"The heart knows its own bitterness, and a stranger does not share its joy" ~Proverbs 14:10
Nobody really wants to hear somebody else complain. And yet when we have some sort of ailment, some sort of infirmity or something we find unfair, why is that we need to proclaim it to everyone & anyone who will listen.
In church on Sunday, the message revolved around the man who lay cripple at the pool of Bethesda for 38 years waiting to step into its healing water. The pastor discussed how when we have an ailment or problem, whether physical mental or spiritual that it can consume us & define who we are, so much that it may be harder to not have this infirmity, this bitterness because, what would we be without it?
I really had to take a look inside myself during this message and so this verse really stood out at me today.
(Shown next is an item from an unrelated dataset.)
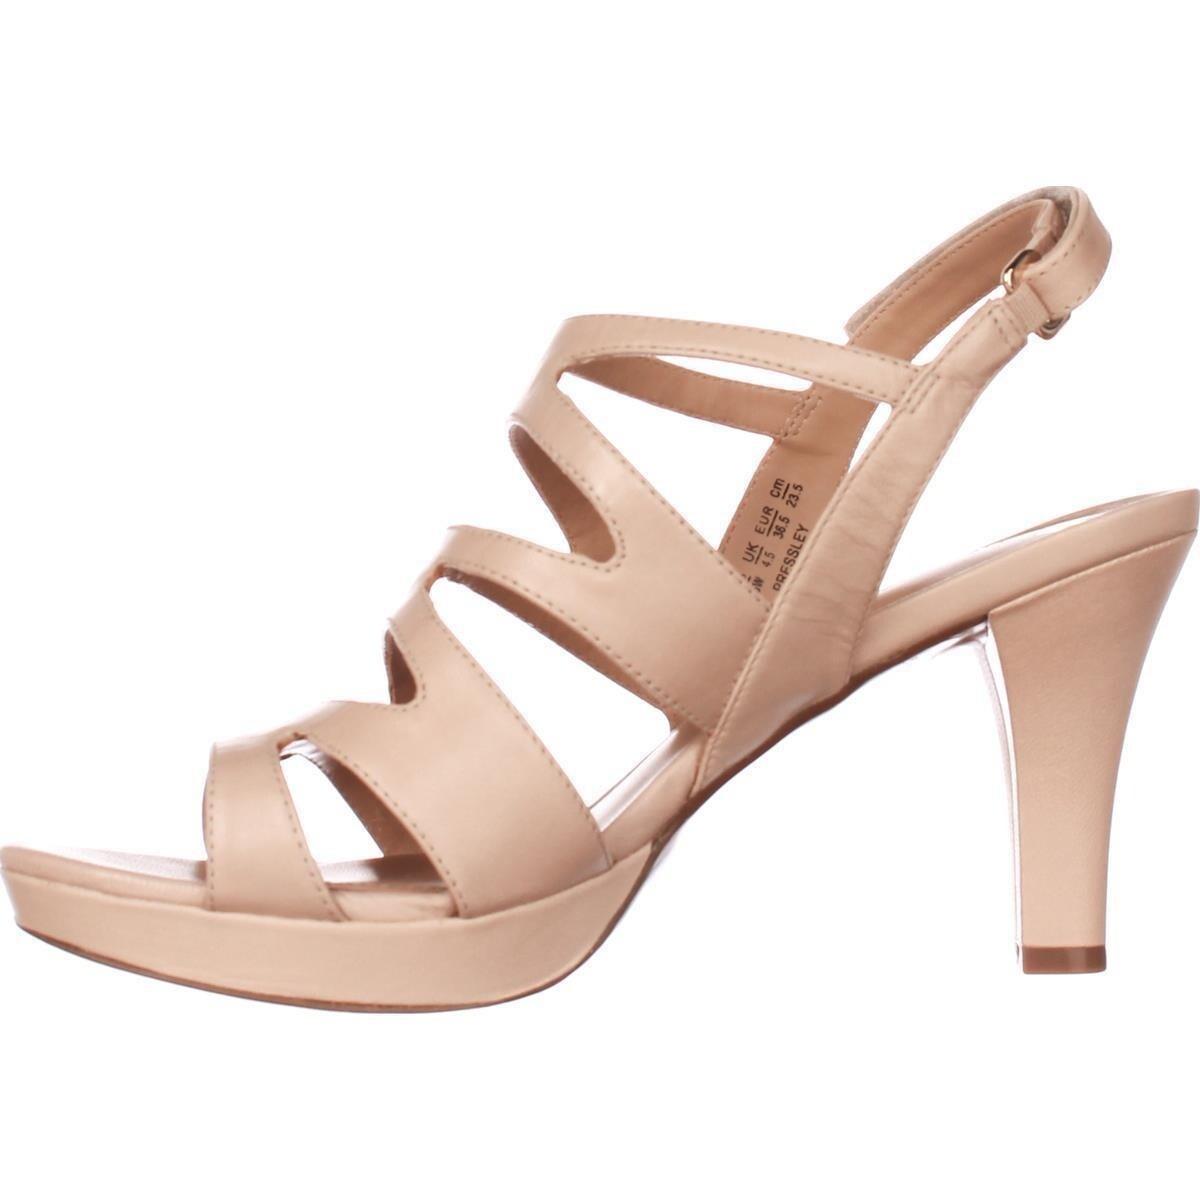 056f5b749ef1 Shop naturalizer Pressley Platform Strappy Dress Sandals
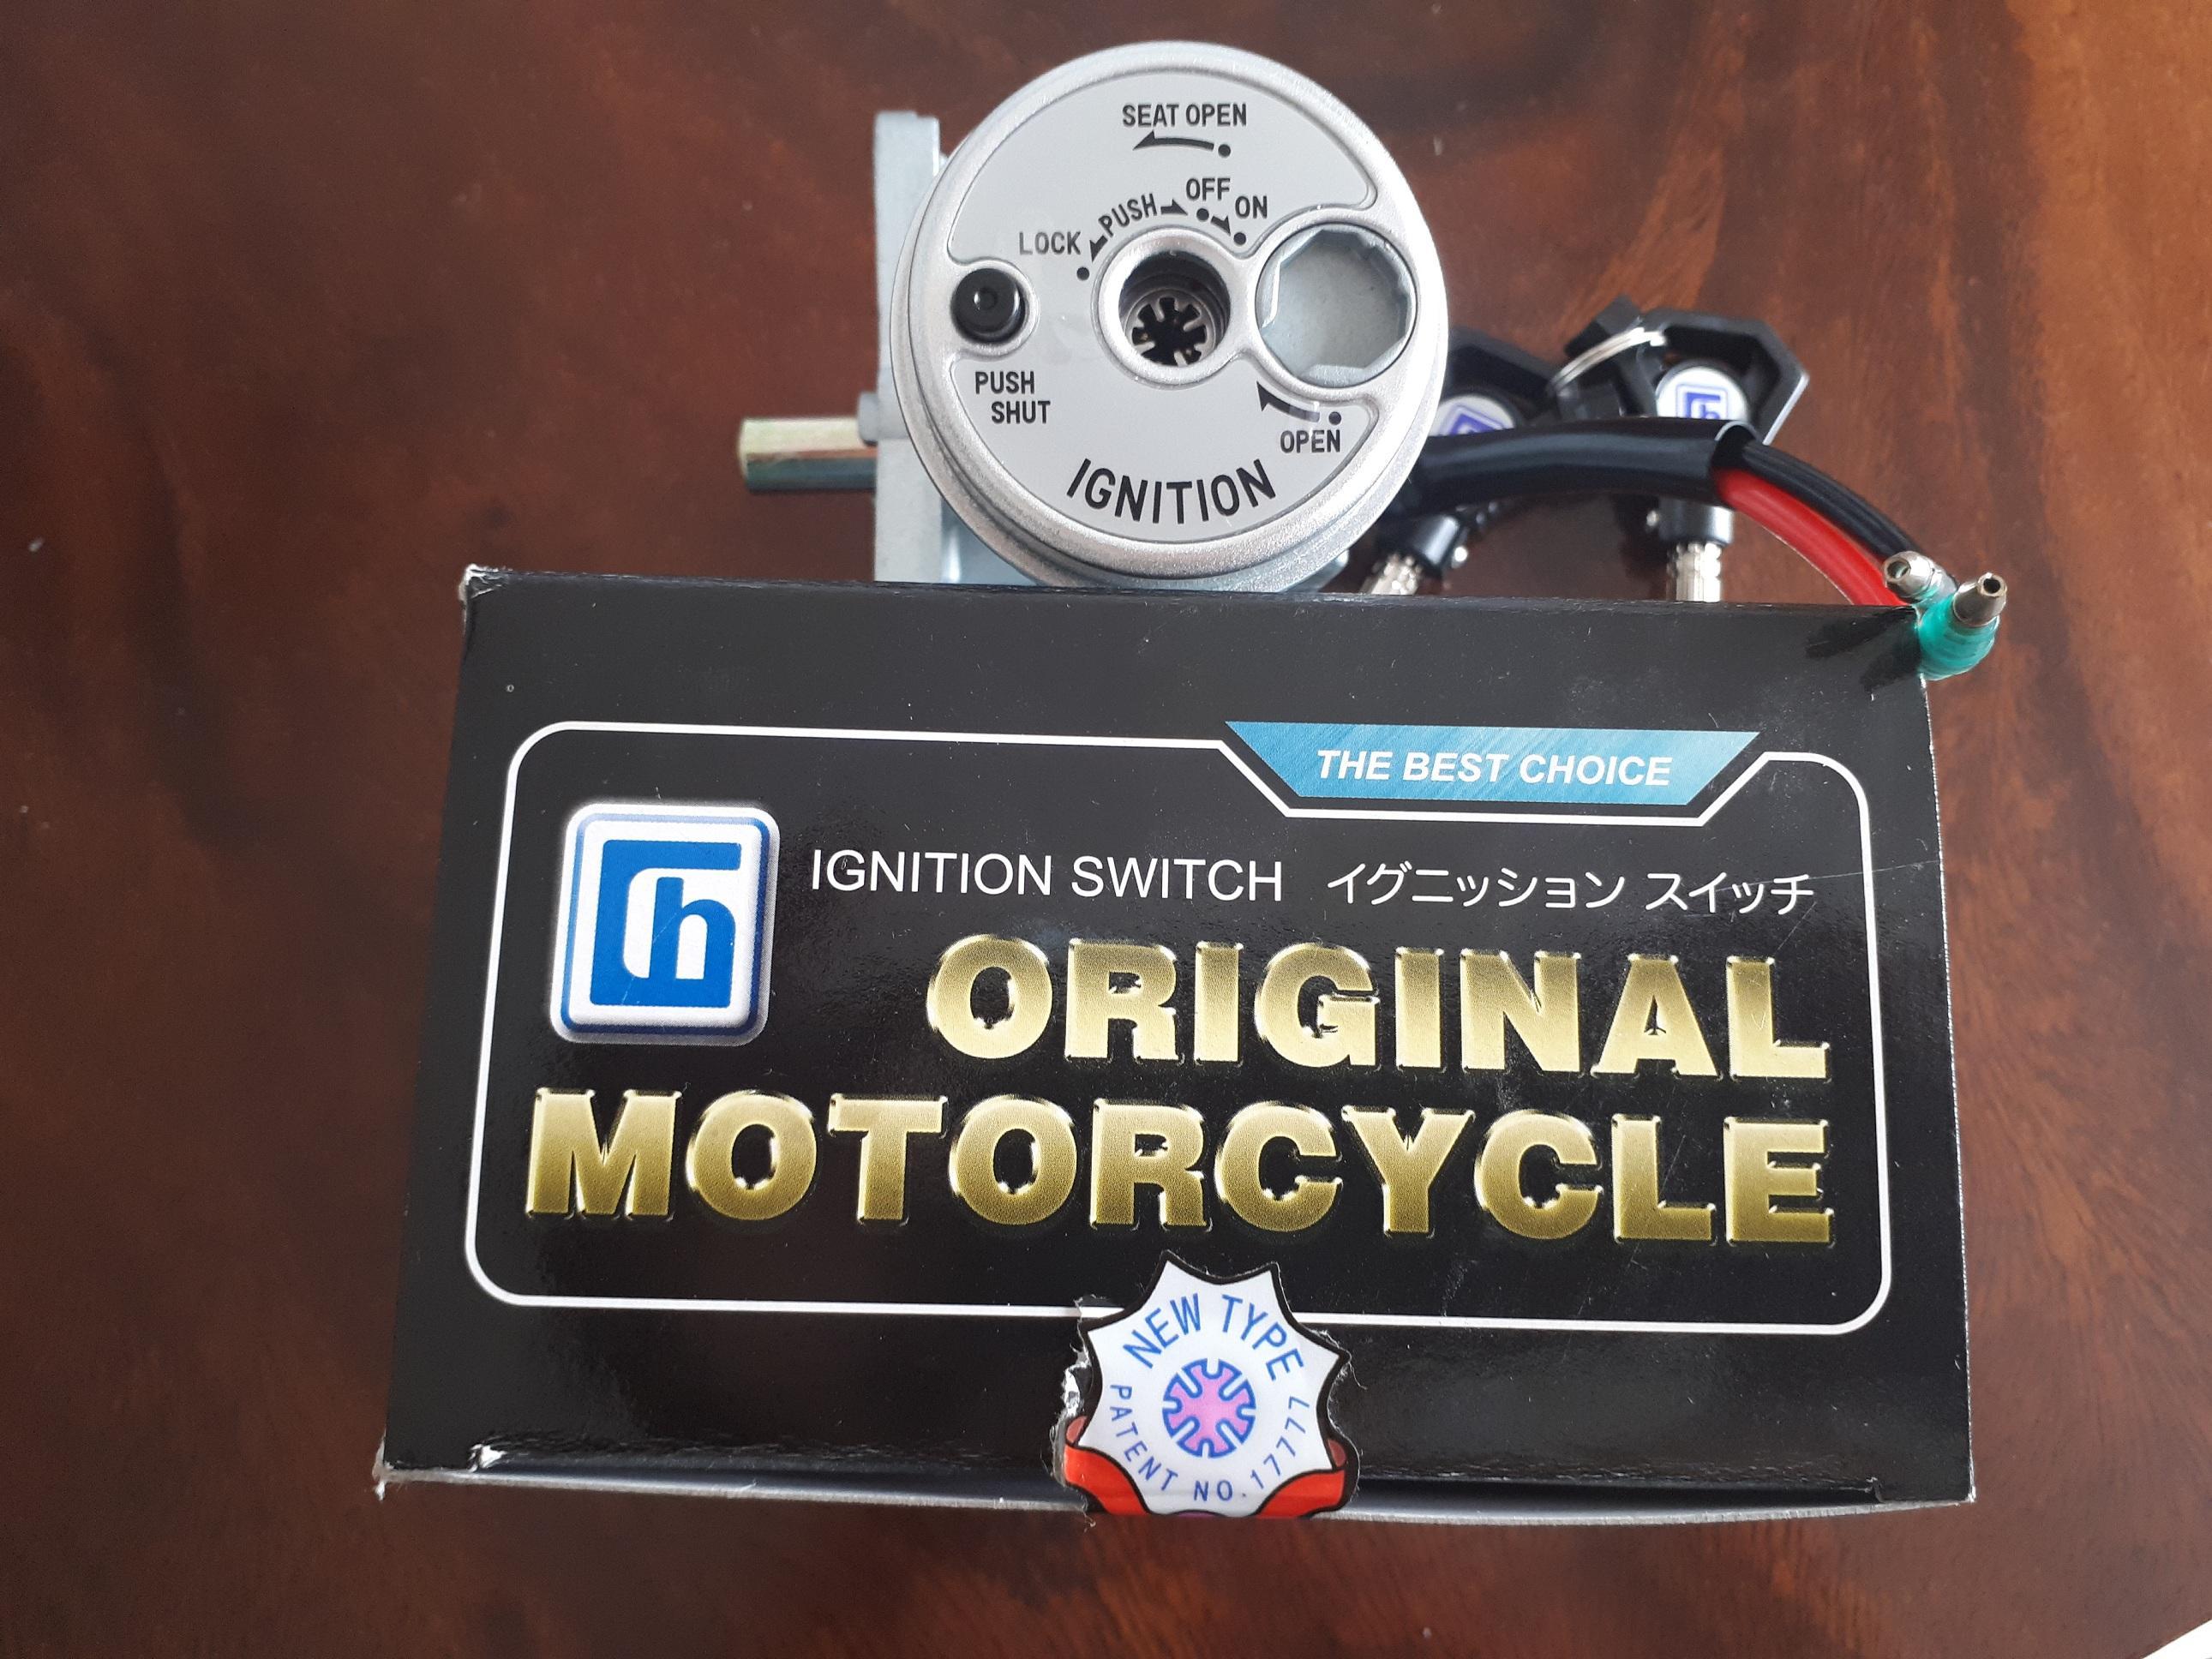 Bộ ổ khóa 8 cạnh xe máy Exciter 150, Nouvo 5, Luvias, Sirius RC FI, chế cho Nouvo 6 loại không có remote chính hãng Chiau Hung

I do harbour bitterness in my heart, and I like to revisit it, have a pity-party with it now & then. And it feels good to share it with others to get that "i feel sorry for you" reaction. I like the angry feelings that I can stir up with it & allow myself some sorrow. What am I holding on to it for? Why do I continue to revisit it? And why can't I let it go? I have to want to let it go first. That's something that will require some looking deeper inside myself & some faith to let go.
Hi Beck,
ReplyDeleteThank you so much for sharing your study in Proverbs. It takes discipline to do this. You are an inspiration to me, because I'm not doing any Bible Study at the moment.
About your post: I think it is hard to let go of something when we were really hurt by it. God knows about our pain...he's the only one that will ever understand completely about it. Others won't...and can't. But God understands!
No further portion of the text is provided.